Berengar I.

Berengar I., Siegelabdruck

Berengar I. von Friaul (* um 850; † 7. April 924 in Verona) war Kaiser von 915 bis 924 und König von Italien in den Jahren 888–889, 896–901 und 905–924. Daher wurde er früher zu den „Nationalkönigen“ gerechnet.

Leben

Bis zur Erhebung zum Markgrafen von Friaul (um 874)

Das karolingische Reich zu Zeiten Berengars I.
Darstellung Karls des Kahlen, des Onkels Berengars, in Karls Gebetbuch

Berengar war der dritte Sohn von zehn Kindern des Unruochingers Eberhard († 866), seit etwa 837 Markgraf von Friaul, und dessen Frau Gisela († 874), Tochter Kaiser Ludwigs des Frommen und seiner zweiten Frau Judith.
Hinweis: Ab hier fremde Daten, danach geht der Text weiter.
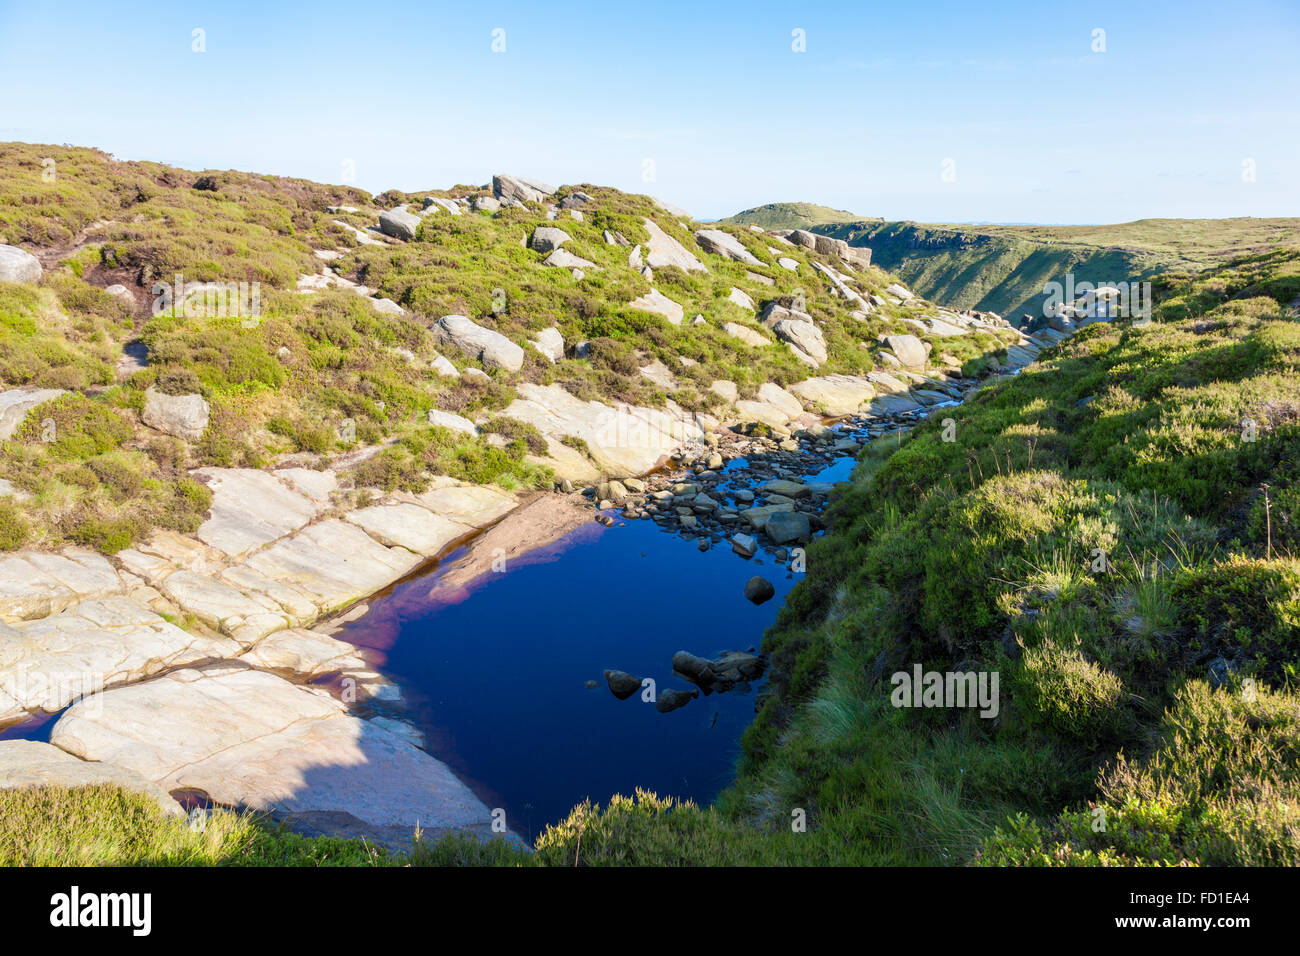 Stream and small pool of water on moorland in Summer. Part of the southern edge of Kinder Scout, Derbyshire, Peak District National Park, England, UK Stock Photo
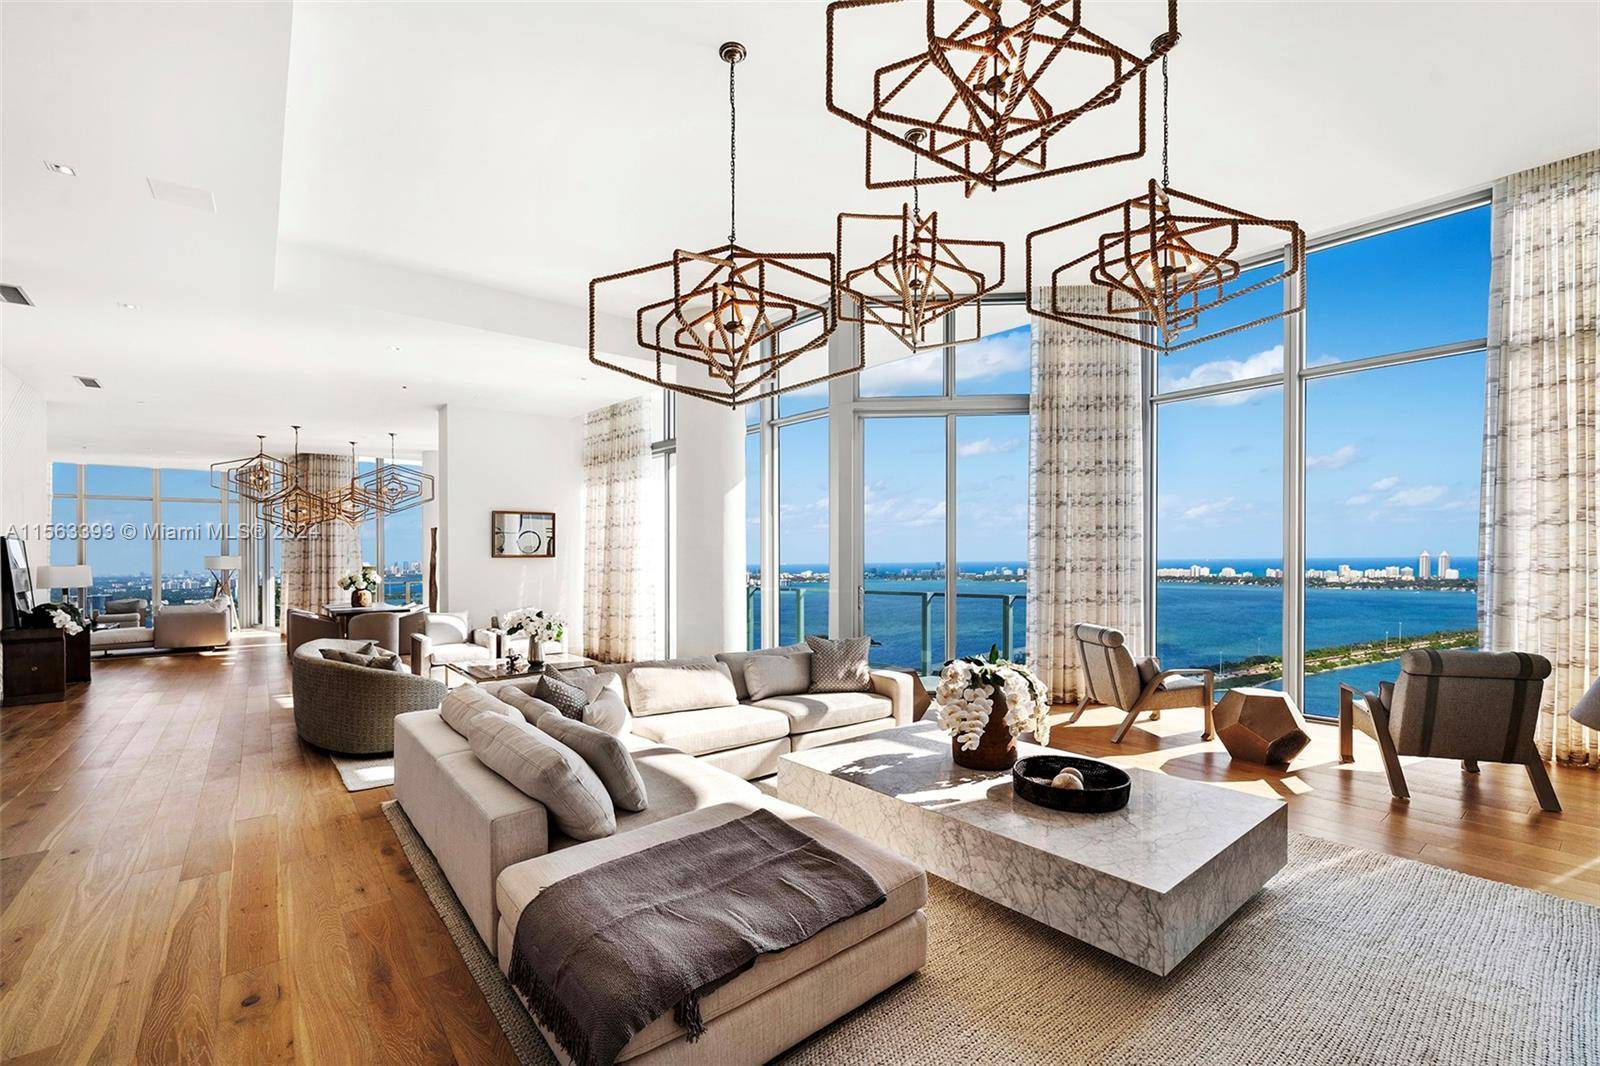 A true penthouse in every sense with 15ft ceilings, a private rooftop pool and nearly 8, 000sf interior, and over 2, 000sf exterior space.

Damit gehörte Berengar durch den Vater einer einflussreichen Familie von jenseits der Alpen an, und er war durch seine Mutter zugleich ein Neffe Karls des Kahlen.

Berengars Geburtsjahr kann nur näherungsweise erschlossen werden. Einerseits heirateten seine Eltern zwischen 835 und 840, und Judith brachte als zweiten Sohn Unruoch zur Welt, als ersten einen Eberhard, der jedoch früh starb. Andererseits erinnerte Papst Johannes VIII. im April 878 an die Blüte seiner Jugend, was er wohl kaum einem Mann von mehr als 30 Jahren zugesprochen hätte.[1] Wahrscheinlich wurde Berengar in Italien geboren, möglicherweise im Friaul, wo seine Familie seit mehr als zwei Jahrzehnten lebte.

Im Testament seiner Eltern von 863–864[2] wurde Berengar ausdrücklich als Erbe der italienischen und schwäbischen Besitzungen ausgeschlossen. Sein älterer Bruder Unruoch erhielt das Gesamterbe. Berengar erhielt allerdings Grundherrschaften zugewiesen, die sich auf die Reiche Karls des Kahlen (nahe Lille) und Lothars II. verteilten (zwischen Lüttich und Namur). In dieser Zeit der Auflösung der Reichseinheit hätte er damit zu denjenigen Adligen gehört, die aus übergreifenden Interessen eher dazu neigten, diese Einheit beizubehalten. Eine dunkle Passage in den Gesta Berengarii imperatoris (ed. Winterfeld, Berlin 1899, liber I, Vers 21–23, S. 358) deutet in Berengars Jugend einen langen Aufenthalt am Hof seines Onkels, Karls des Kahlen an. Dies steht in Widerspruch zur Behauptung desselben Autors, dass Berengar am Hof Karls III. prophezeit worden sei, dass er König und Kaiser werde (ed. Winterfeld, liber I, Vers 32–40, S. 359).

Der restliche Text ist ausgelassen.